It certainly looks as if it was run on straight petrol. If you hone (or more likely bore) the scores out of that cylinder bore you'll need a bigger piston. The piston you've got is scrap, but taking piston and cylinder from a scrapped mower seems like it should be much cheaper than $70 (if you live in a town or city, probably $70 cheaper).

I'm not happy with some parts of Bob's cure. I don't like grit in the engine, because it's a recipe for rapid wear. One question is whether there are metal particles in the big end bearing: you need to get that clean. Another of Bob's methods I don't support is trying to clean out piston ring grooves with a screwdriver. I've been there and done that, and the result was ring groove lands that were no longer square to the bore. I use - and recommend - a piece of one of the old piston rings. Break off a piece about a third to half of the circumference of the bore, so you have something to hold onto, and carefully grind the end square to the ring. Use it carefully as a scraper. With four stroke pistons, which don't have pegs in the ring grooves, my favourite method is to hold the piston in a lathe chuck and use the piece of piston ring as a hand-held parting tool. (Pack the piston so the chuck jaws don't touch it, of course, and use a negligible clamping pressure, or make a simple adaptor that holds the piston via a pin through the gudgeon pin hole.) If you have a lathe an even better method is to make a suitable parting tool and use that, but I've never bothered. Whatever method you use, do not remove any metal from the ring groove of course: not even a tiny amount.

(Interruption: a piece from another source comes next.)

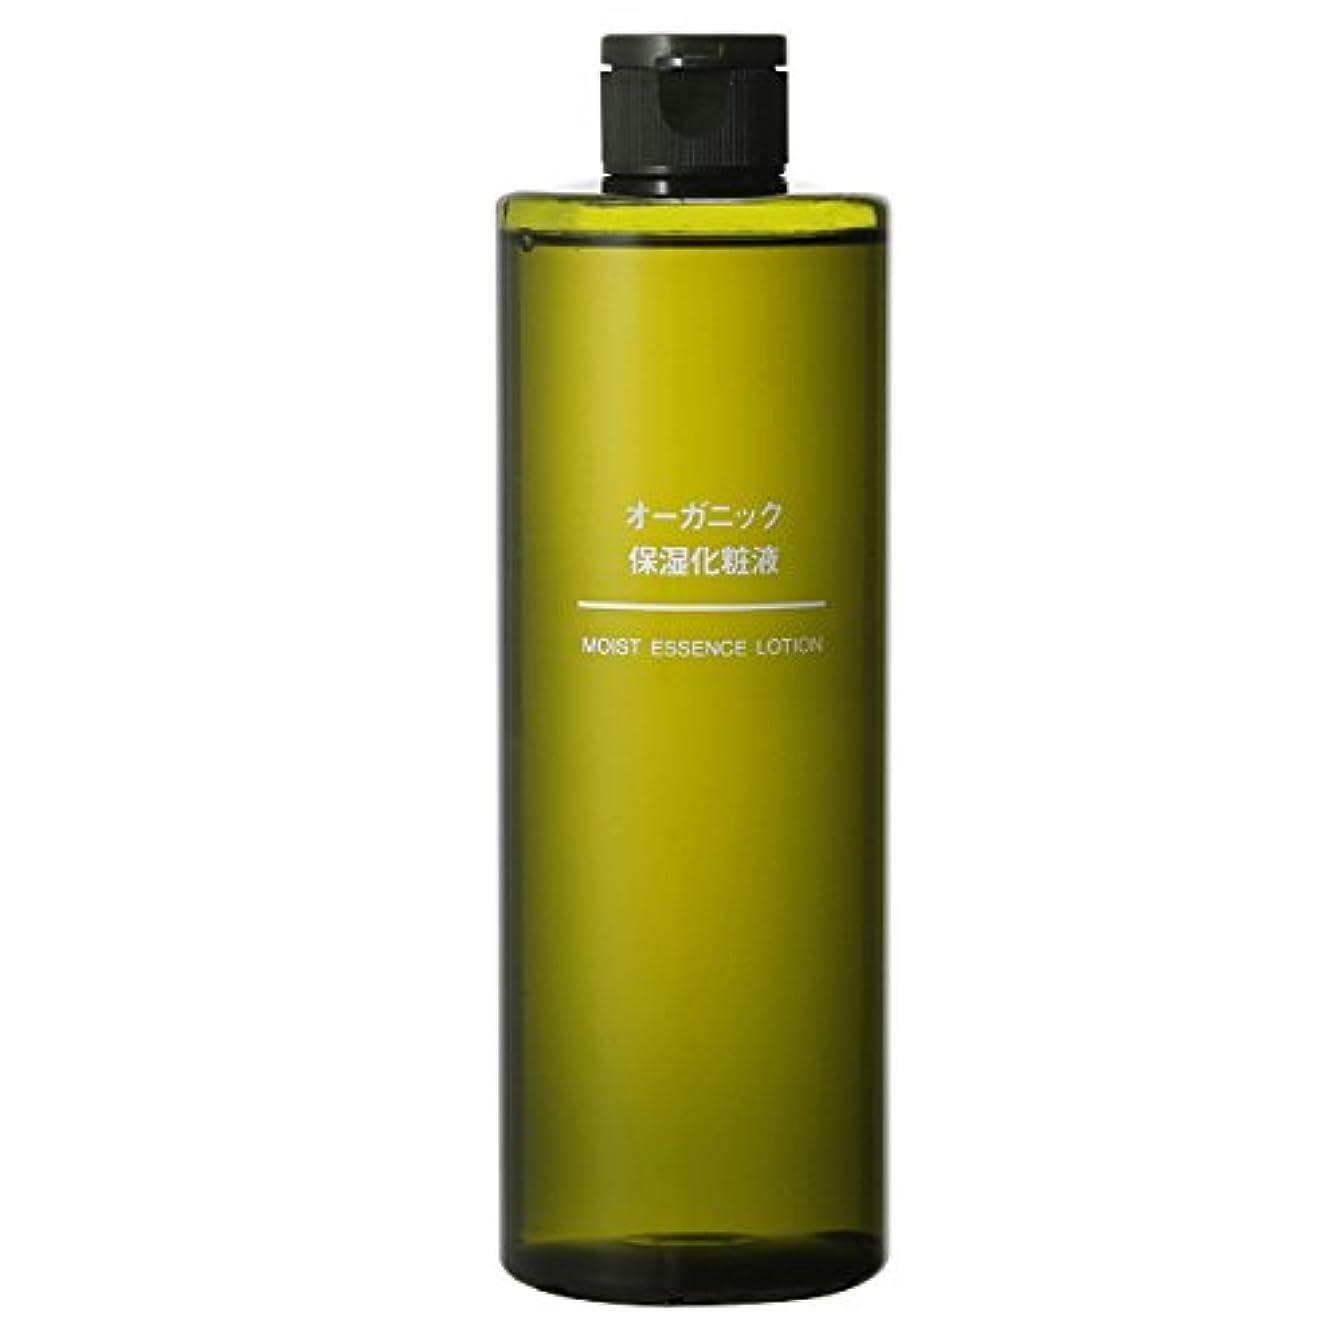 媒染剤赤外線大量無印良品 オーガニック保湿化粧液(大容量) 400ml
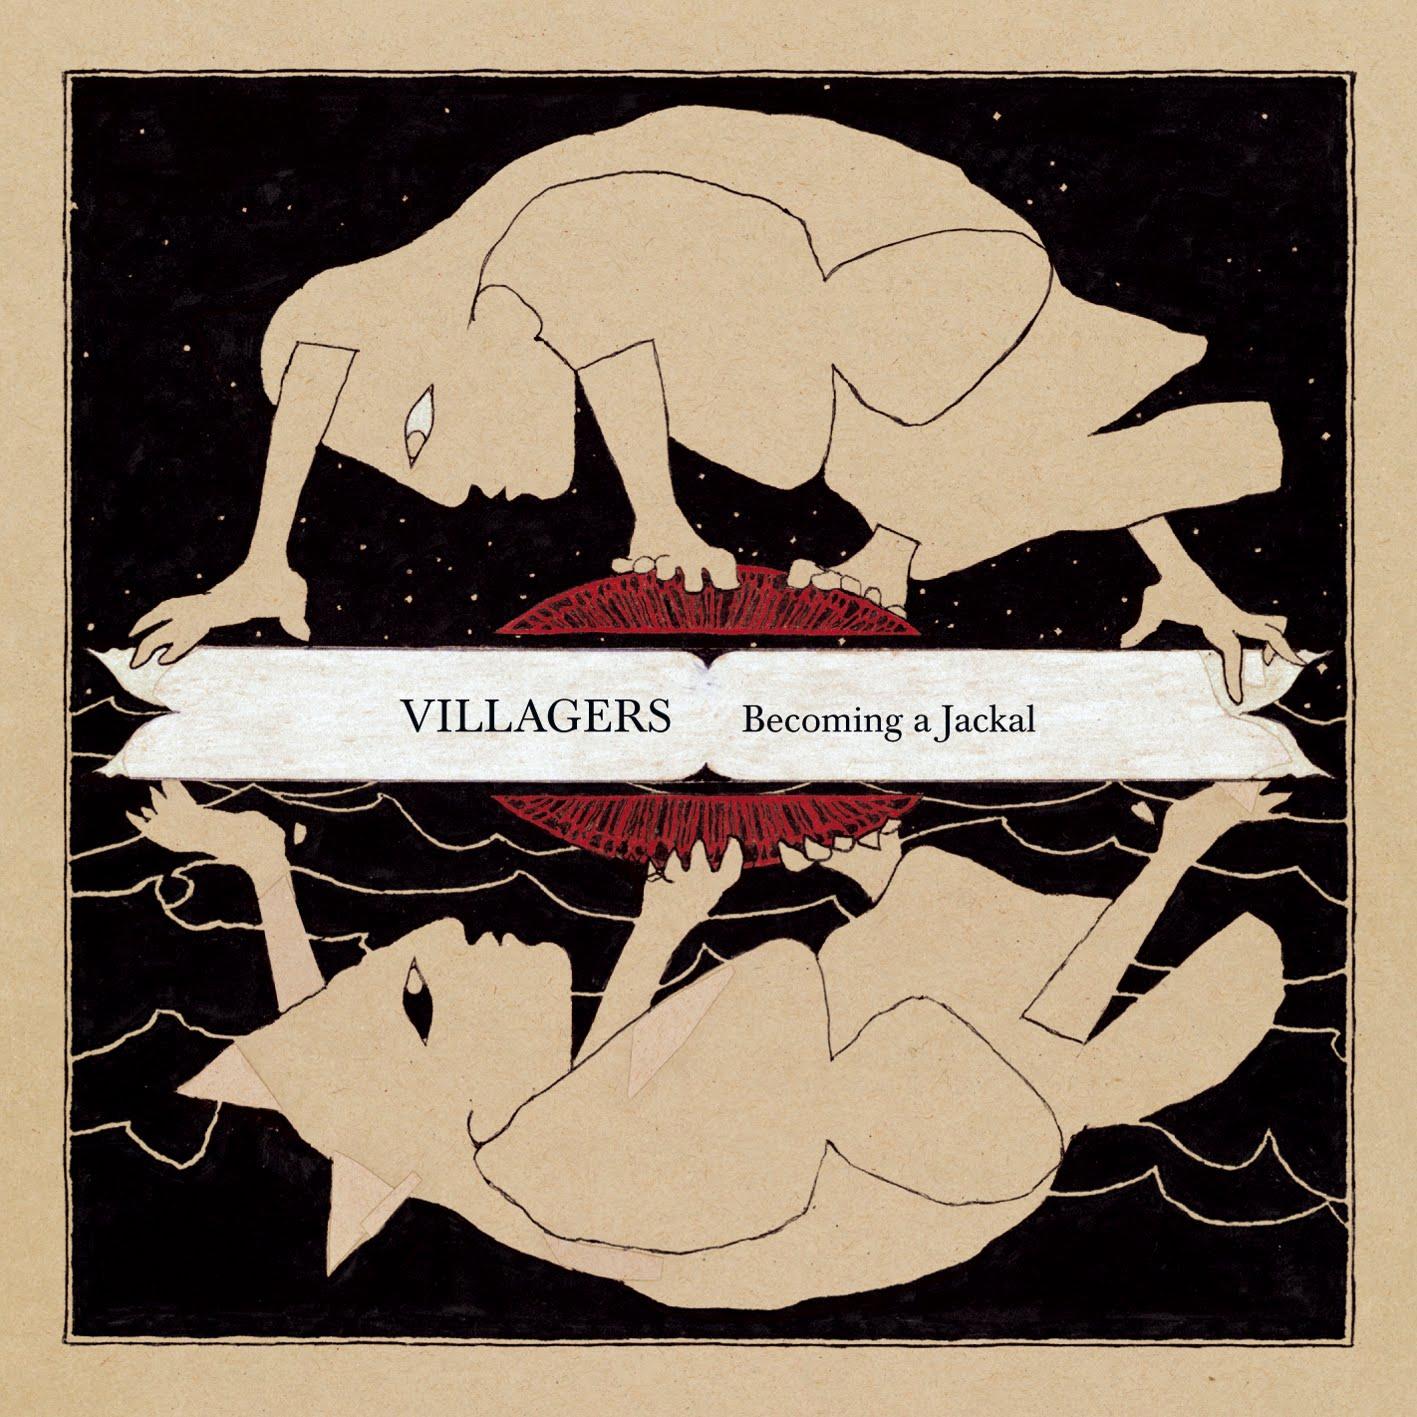 villagers_jackal_album

Other than that, just doing a mix-and-match of parts from a wrecked mower seems like a cheap, easy fix. You even end up with a full set of parts to draw on, so whenever you find a worn bit, you just take the better one from the other mower and avoid both a trip to the mower shop, and any expense. There is one point I agree with Bob on: this isn't a Briggs and Stratton, let alone a car or motorcycle engine: it's a Victa 2 stroke, so it does not require the detail and care in fitting parts that you would apply to a "real" engine.